INSTRUCTIONS FOR THE TASK: Your answer should be an exact copy of the lines from the one holding "HEDWIG AND THE" to the end of the material below, pictures left out.

DATASET SECTION:
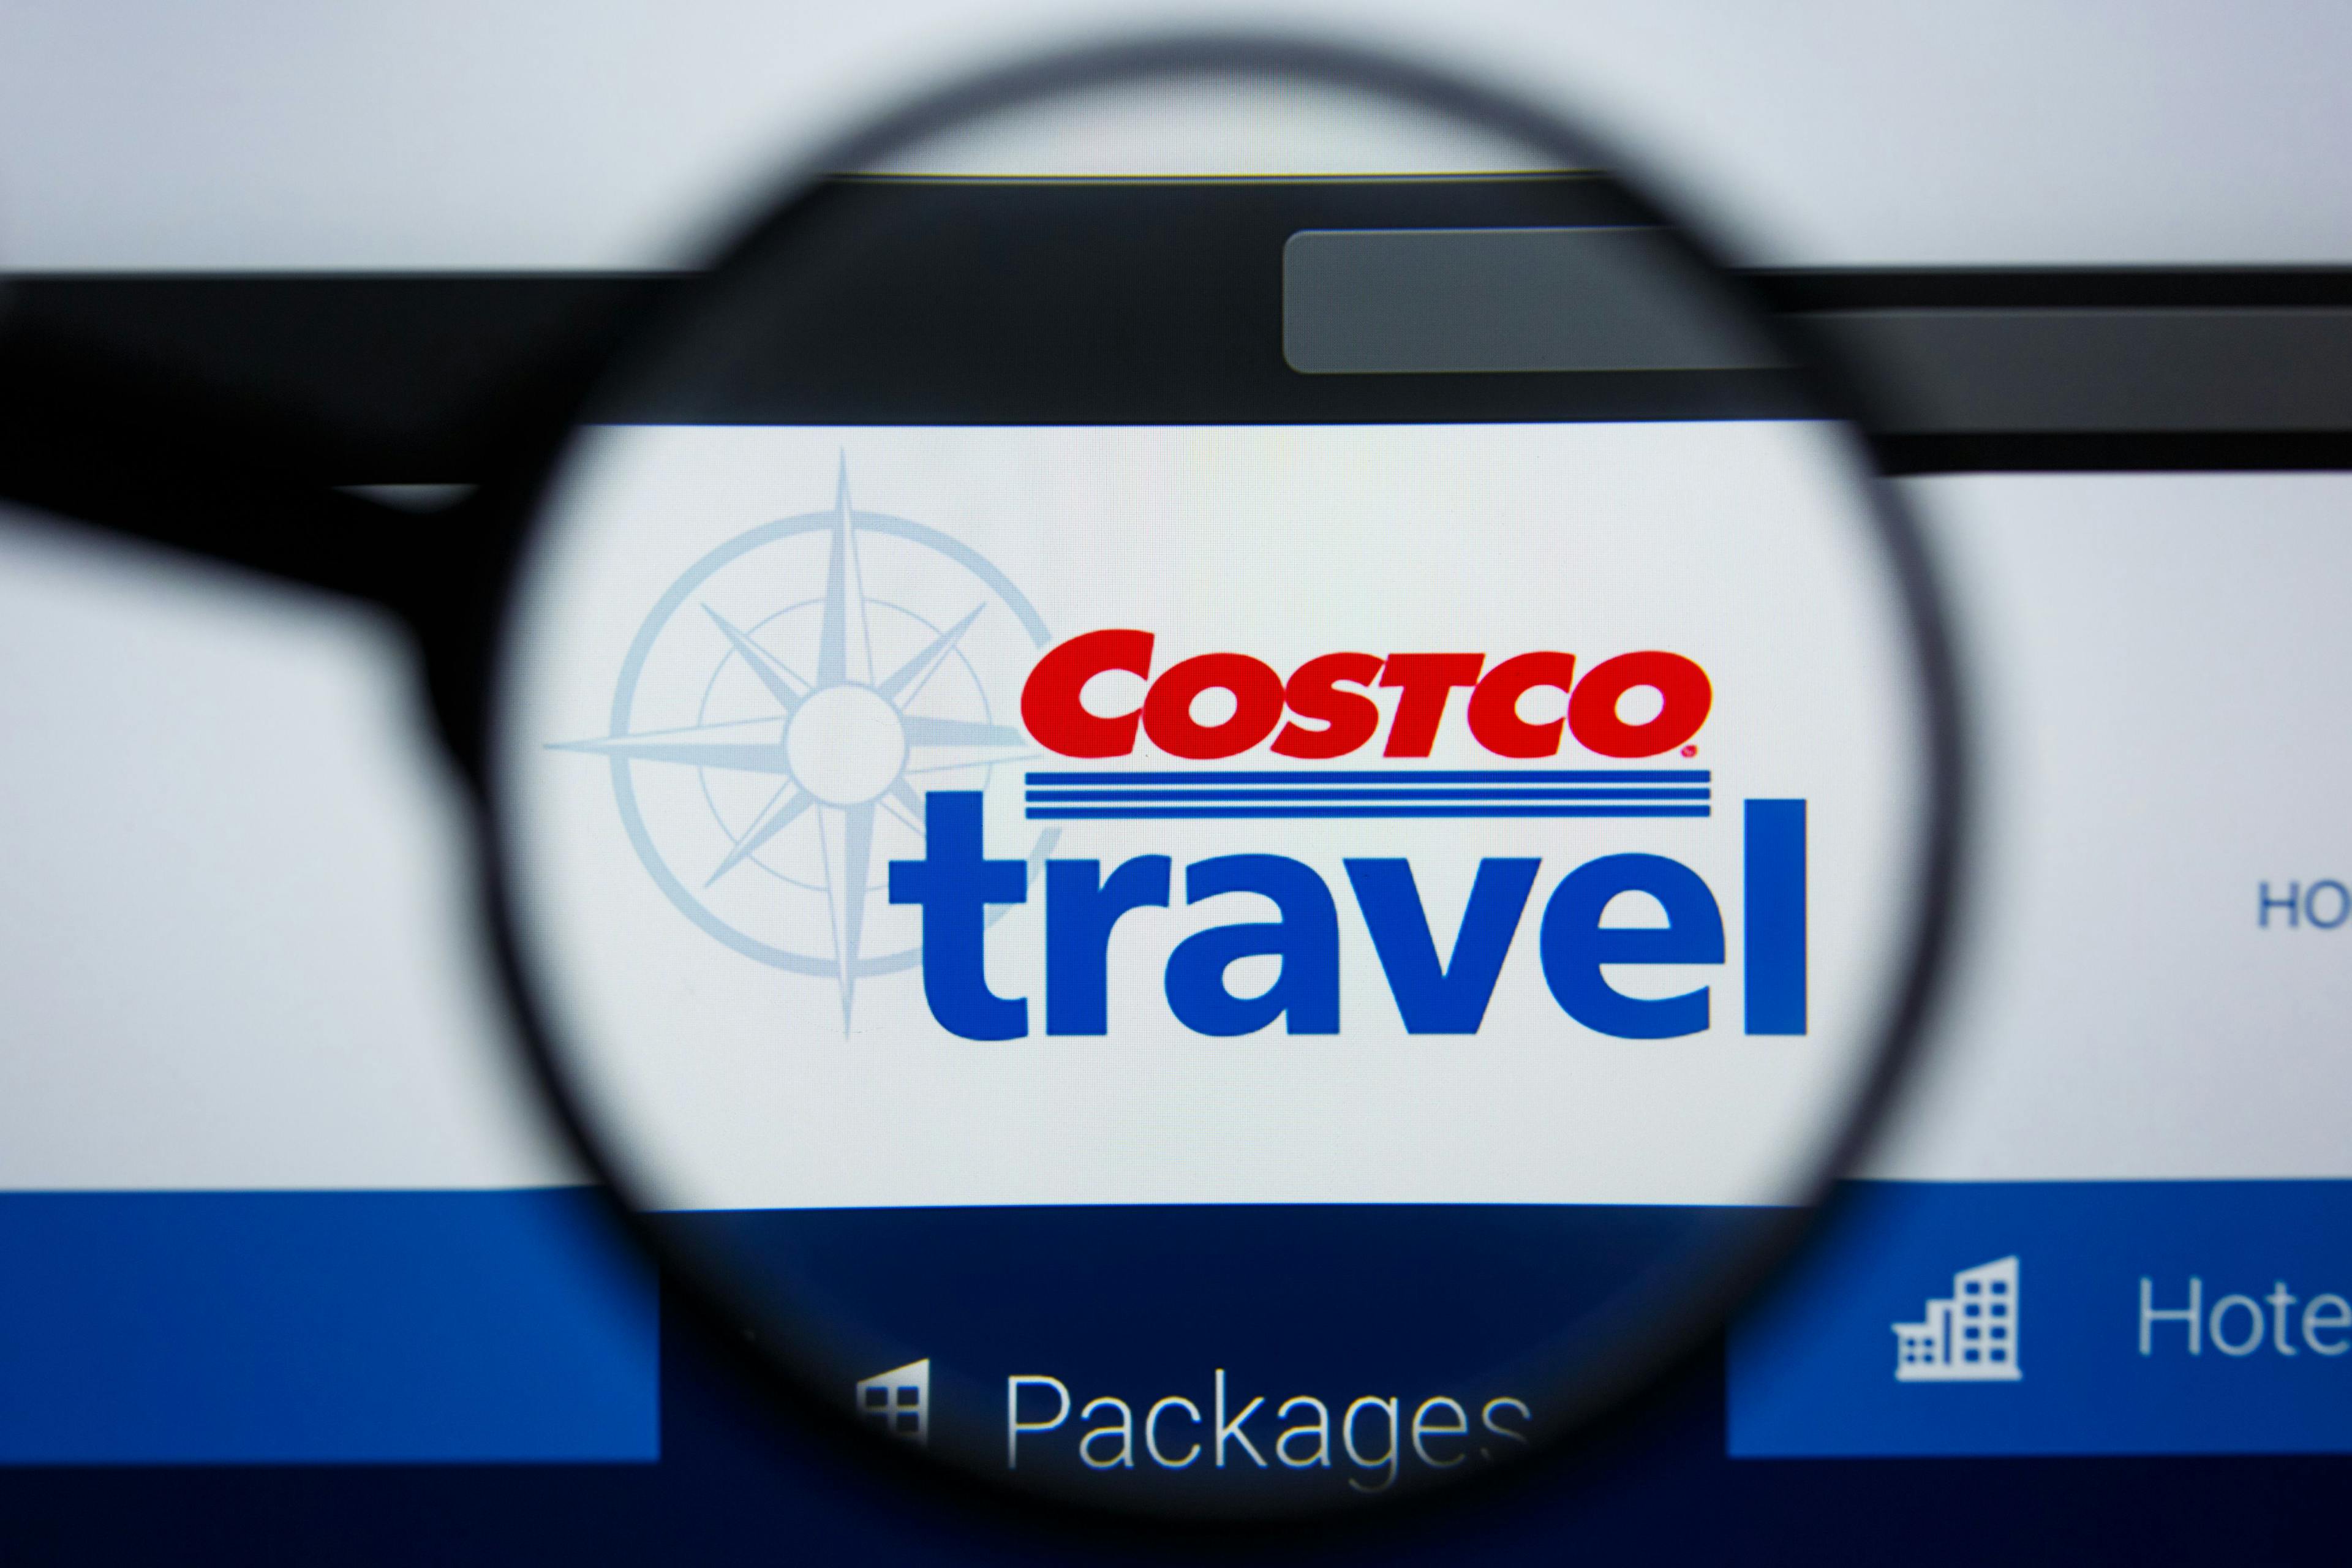 Best Travel Sites for Packages - Costco Travel - ratepunk 
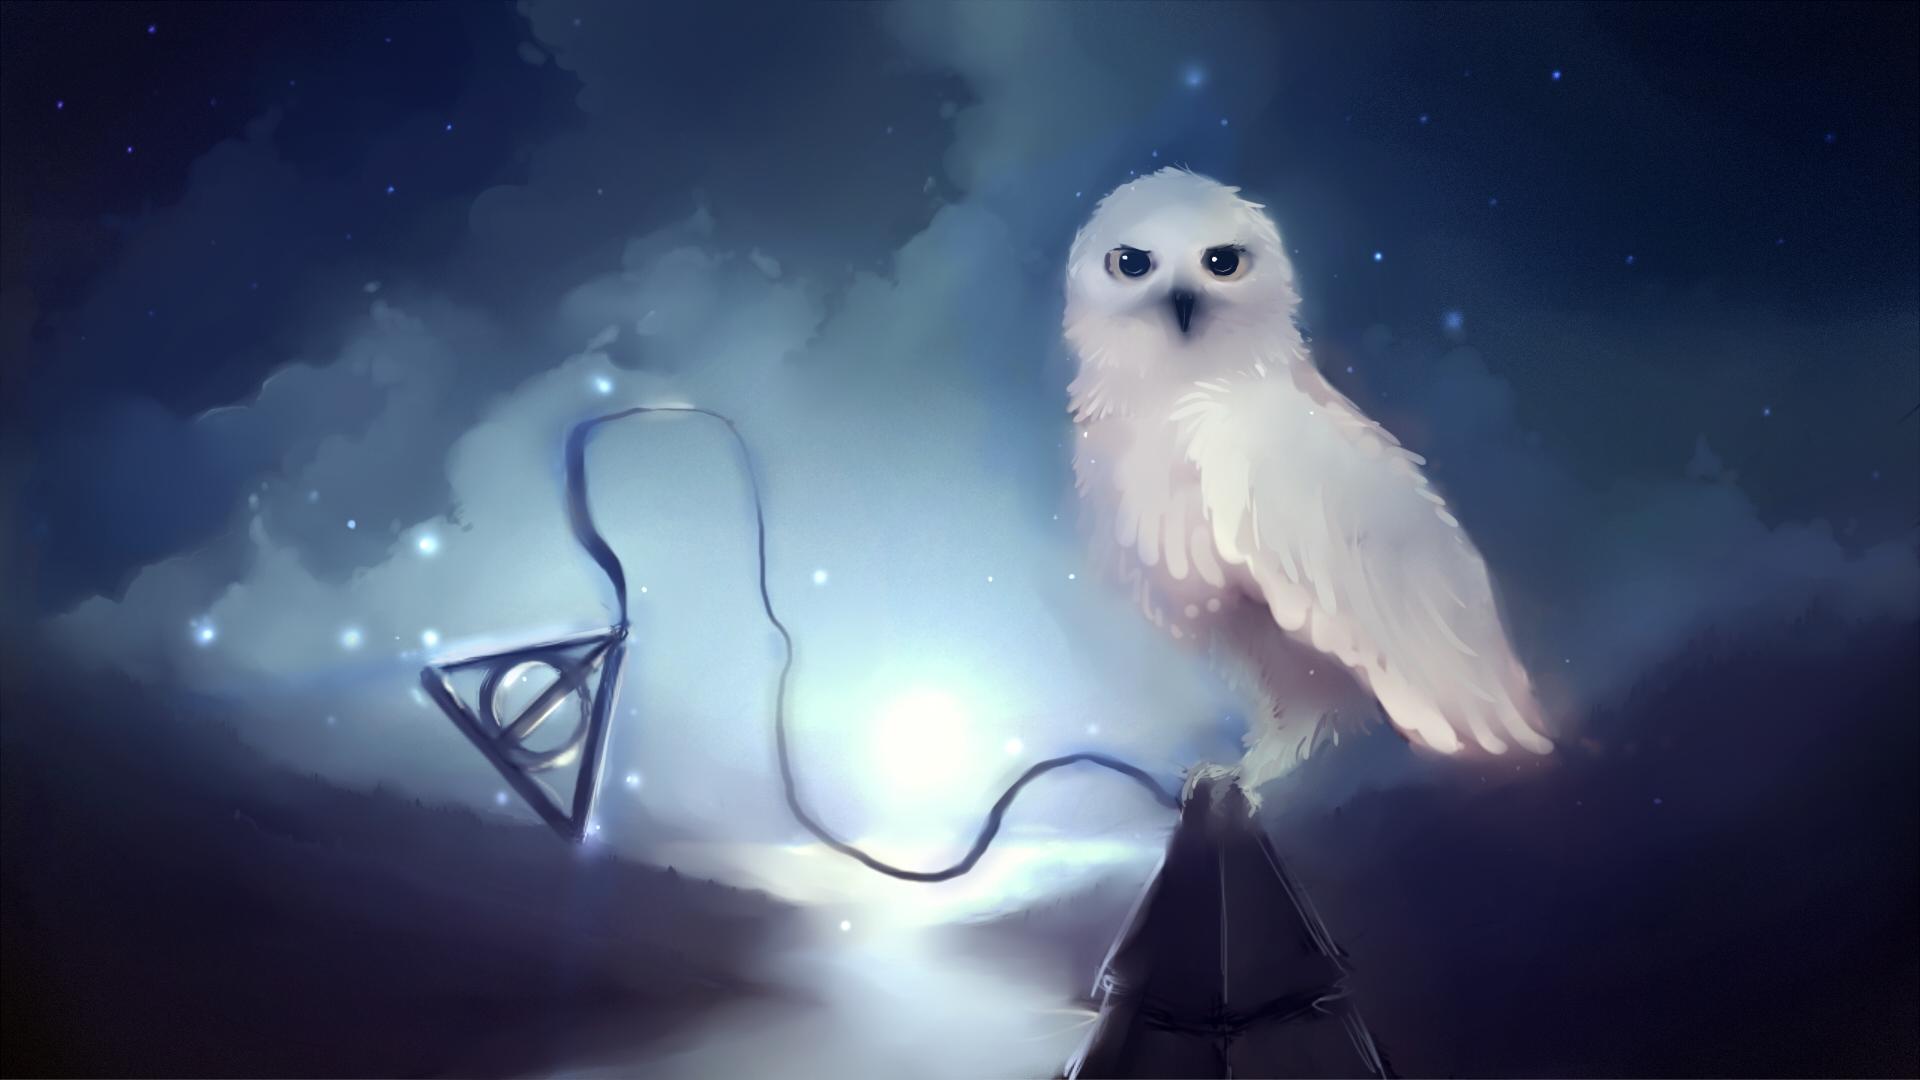 HEDWIG AND THE DEATHLY HALLOWS NECKLACE WALLPAPER - - HD
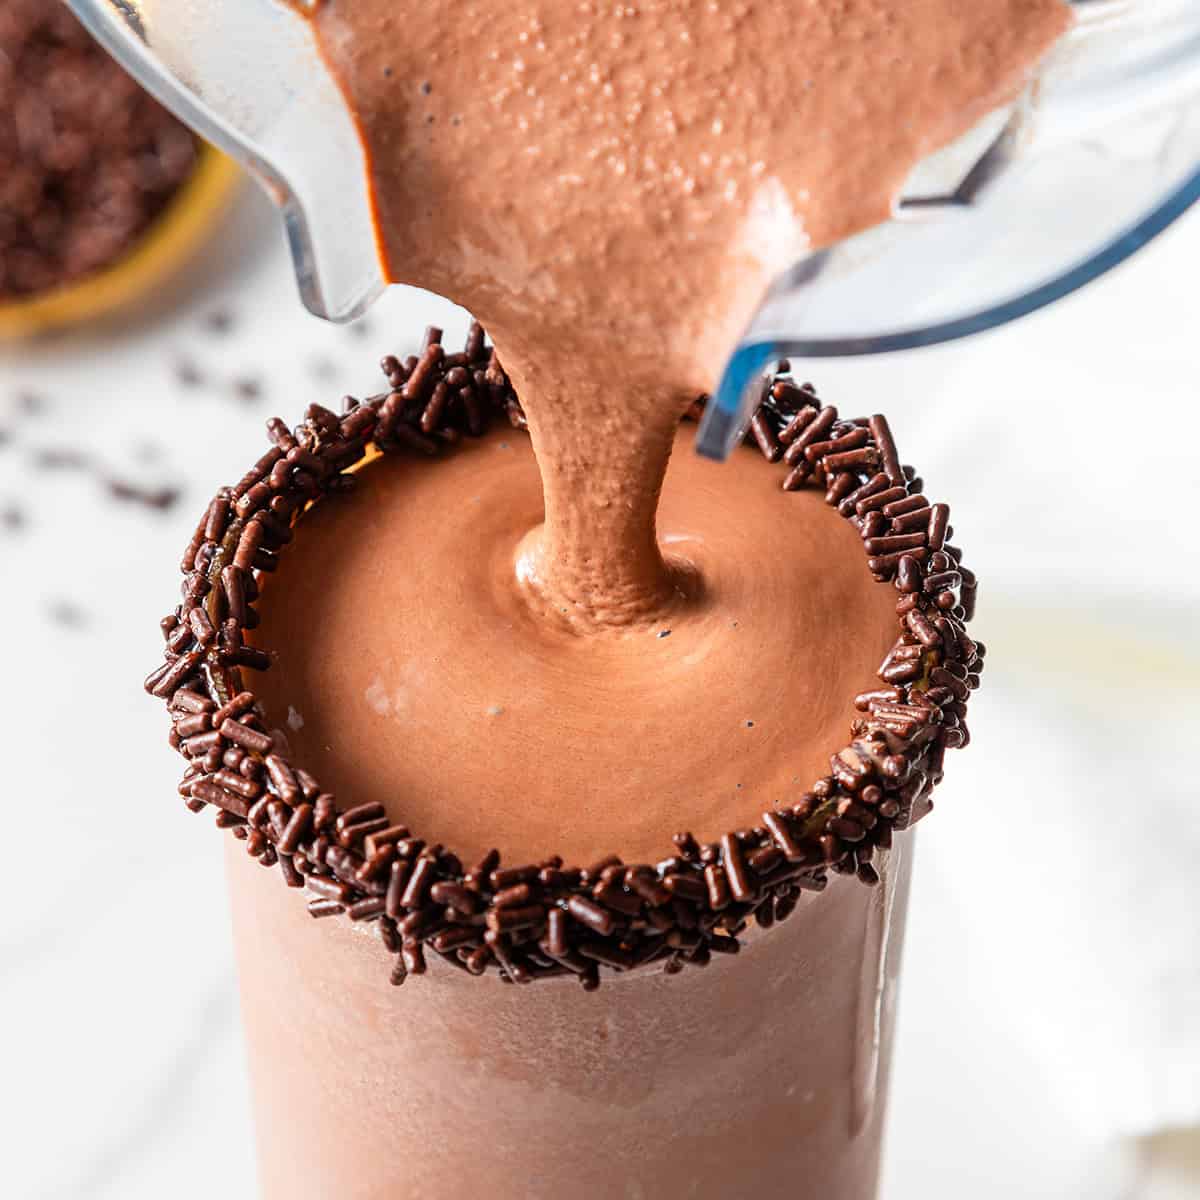 chocolate milkshake being poured from a blender container to a glass with a rim of chocolate sprinkles

ANSWER AREA:
 HEDWIG AND THE DEATHLY HALLOWS NECKLACE WALLPAPER - - HD
 chocolate milkshake being poured from a blender container to a glass with a rim of chocolate sprinkles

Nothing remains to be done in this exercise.